James, now 50, was sentenced to life in prison without parole after he was convicted in 1982 of raping an acquaintance who lived near him in Westwego.

James’ lawyers say he had interacted with the woman several times and was with her husband a day before the attack. The woman initially told police she didn’t know her attacker, but she later picked James out of a lineup, according to his attorneys.

James, who testified at his trial and presented three witnesses to back up his alibi, always has maintained he was innocent of raping the woman, according to his lawyers.
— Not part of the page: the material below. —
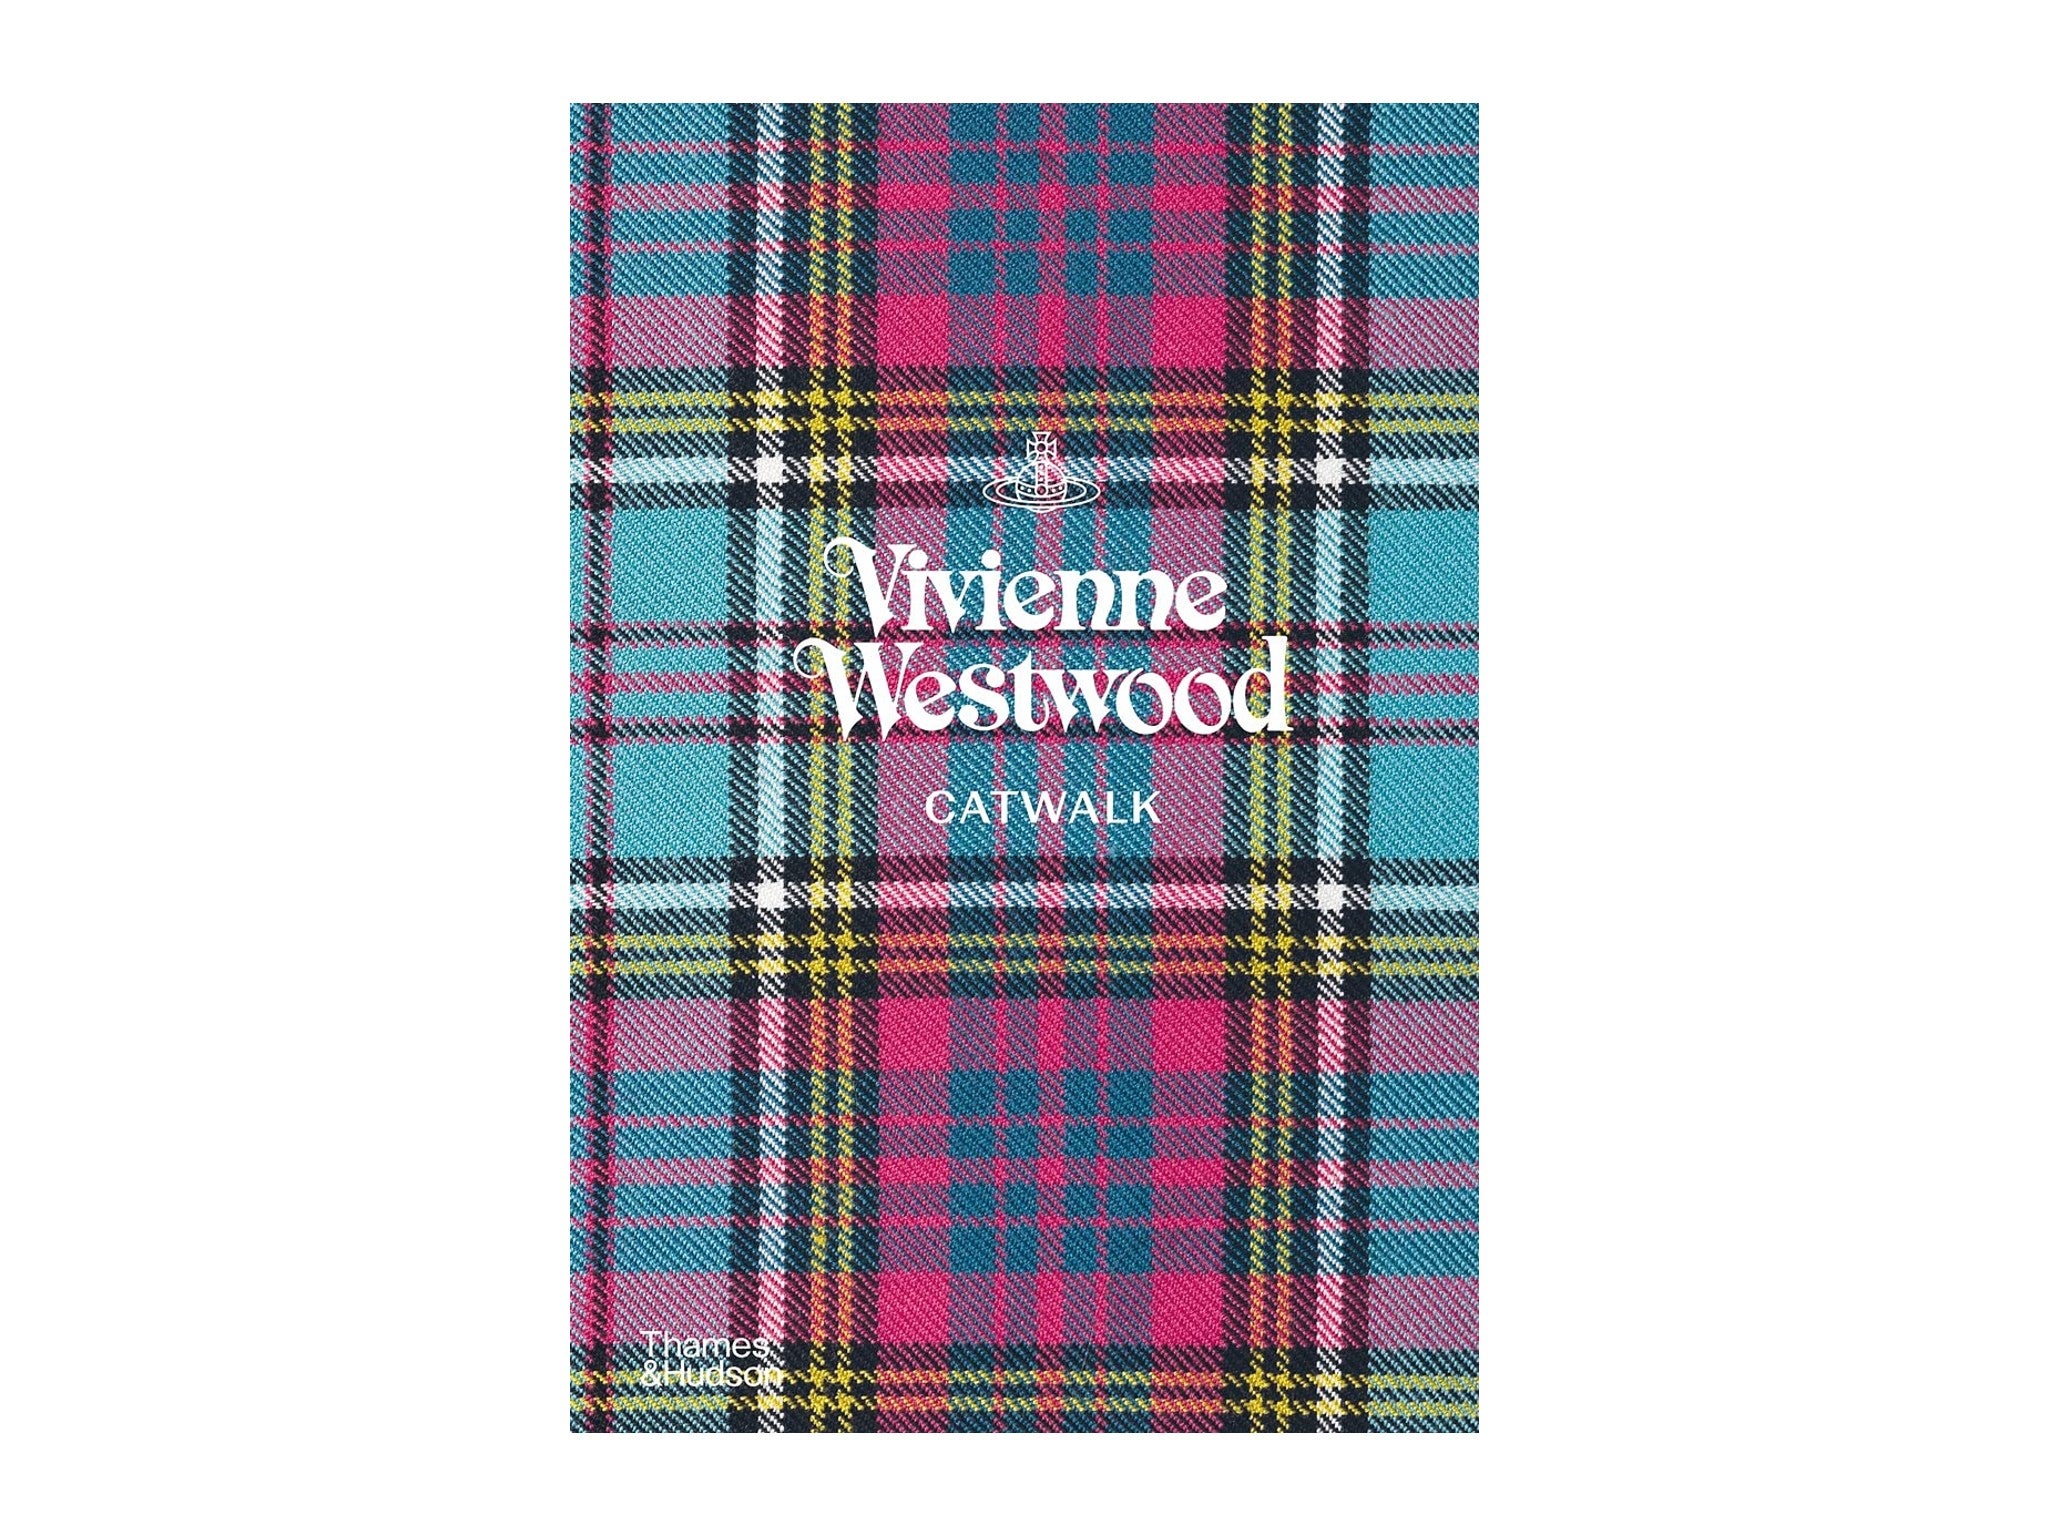 ‘Vivienne Westwood Catwalk’ by Alexander Fury indybest.jpg

When The Innocence Project sought to perform DNA tests on the rape kit in the case, the Jefferson Parish crime laboratory initially couldn’t find the evidence. But a lab worker found a slide from James’ case in May 2010 while looking for evidence in a different case, The Innocence Project says.

Last month, a final report on the results of court-ordered DNA tests excluded James as the perpetrator.

James is scheduled to appear at a news conference in New Orleans on Friday afternoon.

Jene O’Keefe Trigg, managing director of The Innocence Project New Orleans, said James’ first request was to eat jumbo shrimp.

“I think it’s definitely on the menu for dinner tonight,” she said.